Samuel Case, FISM News
Yesterday two state Supreme Courts issued opposite rulings on the legality of abortion bans, further revealing that the fight for life has shifted from federal to state legislation in the wake of the landmark Dobbs ruling.
Idaho’s Supreme Court on Thursday upheld the state’s abortion ban, saying that the state constitution does not contain a right to abortion.
The 3-2 decision dismissed a lawsuit brought by Planned Parenthood against the state and upheld Idaho’s near-total ban on abortion, which makes the procedure a felony except in cases of rape, incest, or when the life of the mother is in danger.
“What Petitioners are asking this Court to ultimately do is to declare a right to abortion under the Idaho Constitution when—on its face—there is none,” Justice Robyn Brody wrote in the majority opinion.
“In fact, before Roe announced a federal constitutional right to abortion in 1973, abortion had been a long-standing criminal offense in Idaho,” he added.
Last August, the Department of Justice brought a lawsuit against the state of Idaho, claiming the abortion ban may violate the Emergency Medical Treatment and Labor Act.
Hours earlier on Thursday, South Carolina’s Supreme Court ruled in the opposite direction – concluding the state’s six-week abortion ban was unconstitutional for violating the right to privacy – siding with abortion providers challenging the law.

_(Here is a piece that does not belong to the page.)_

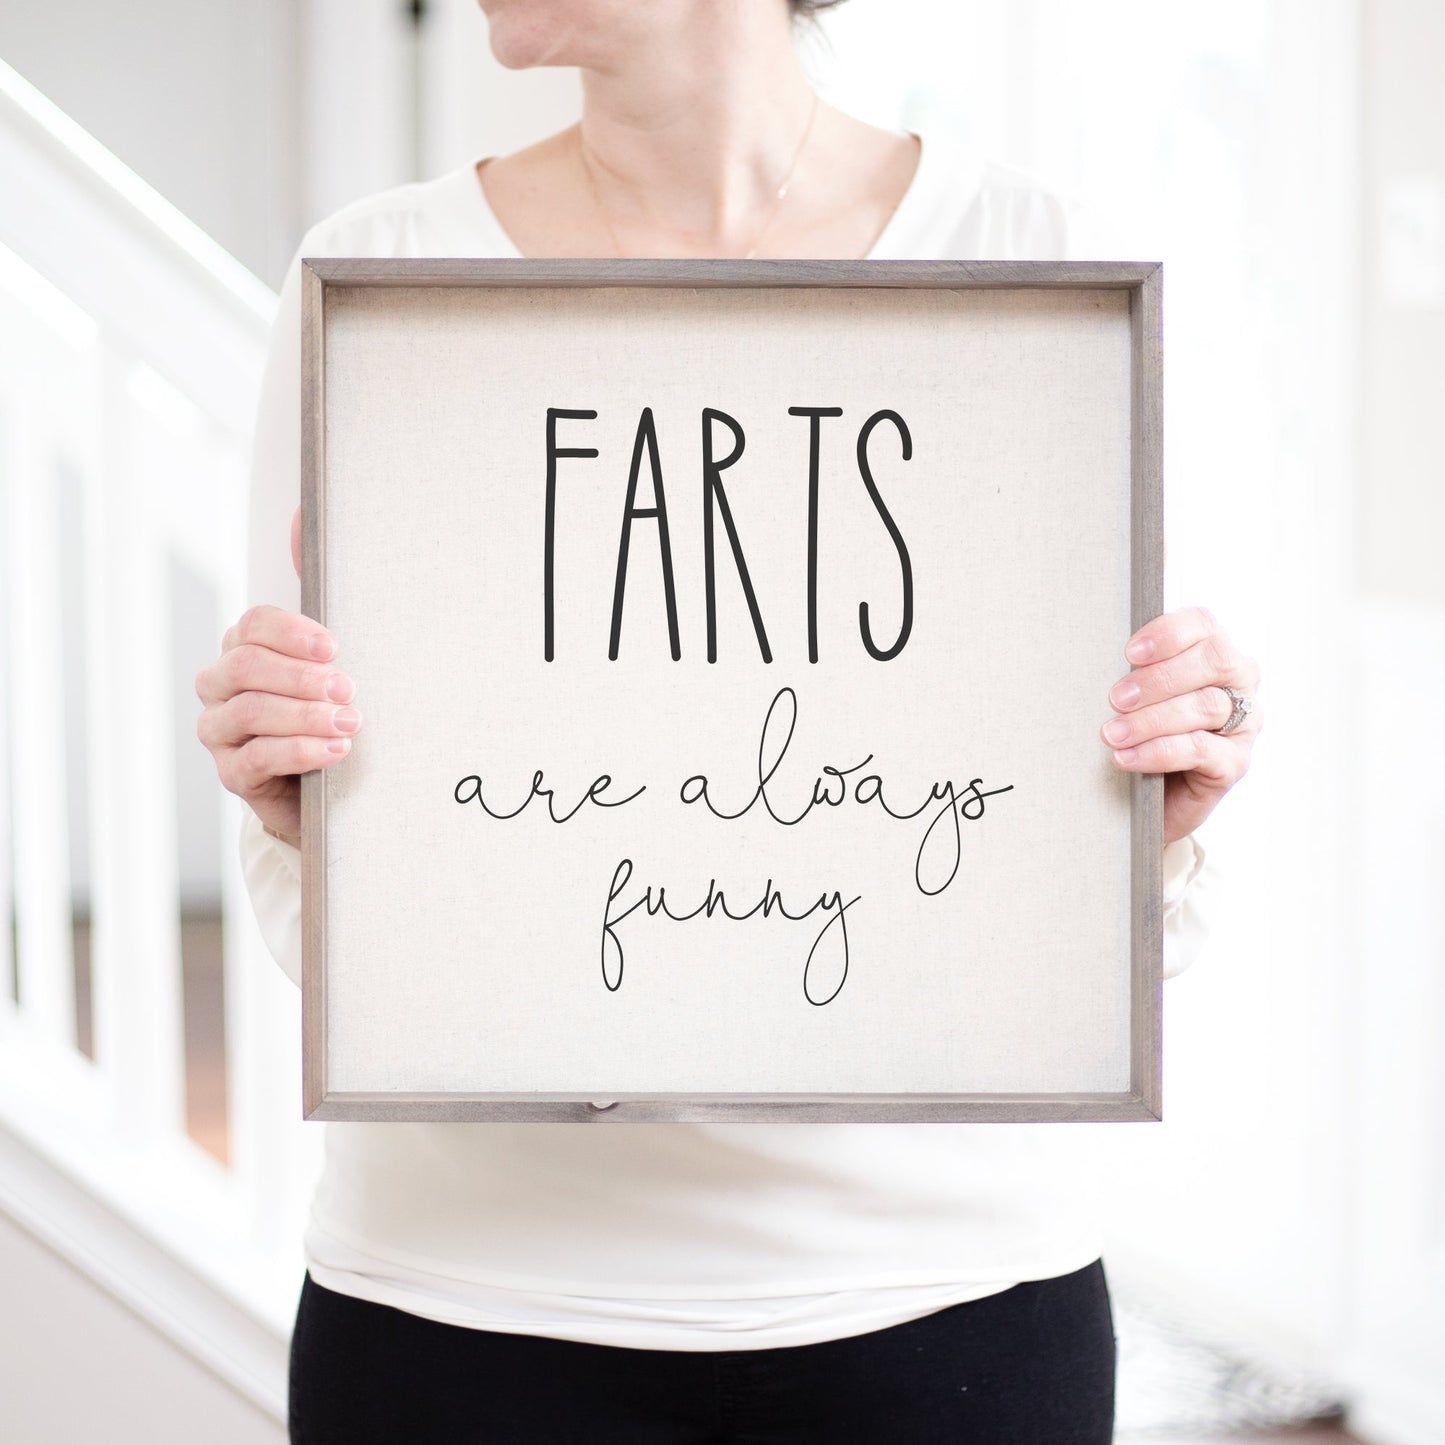 Load image into Gallery viewer, Farts Are Always Funny Bathroom Humor Farmhouse Signs | Wall Decor Bathroom | Bathroom Shelf Decor Funny Bathroom Decor | Bathroom Wall Art

The state’s abortion limit will now be set at 22 weeks.
“We hold that our state constitutional right to privacy extends to a woman’s decision to have an abortion,” Justice Kaye Hearn wrote in the 3-2 ruling.
In his dissent, Justice George James Jr. argued the right to privacy “does not extend beyond the context of searches and seizures,” and is not applicable to the abortion debate.
South Carolina Attorney General Alan Wilson said that he and his office “respectfully, but strongly, disagree with the Court’s ruling,” and said he will be working with Governor Henry McMaster to review their legal options.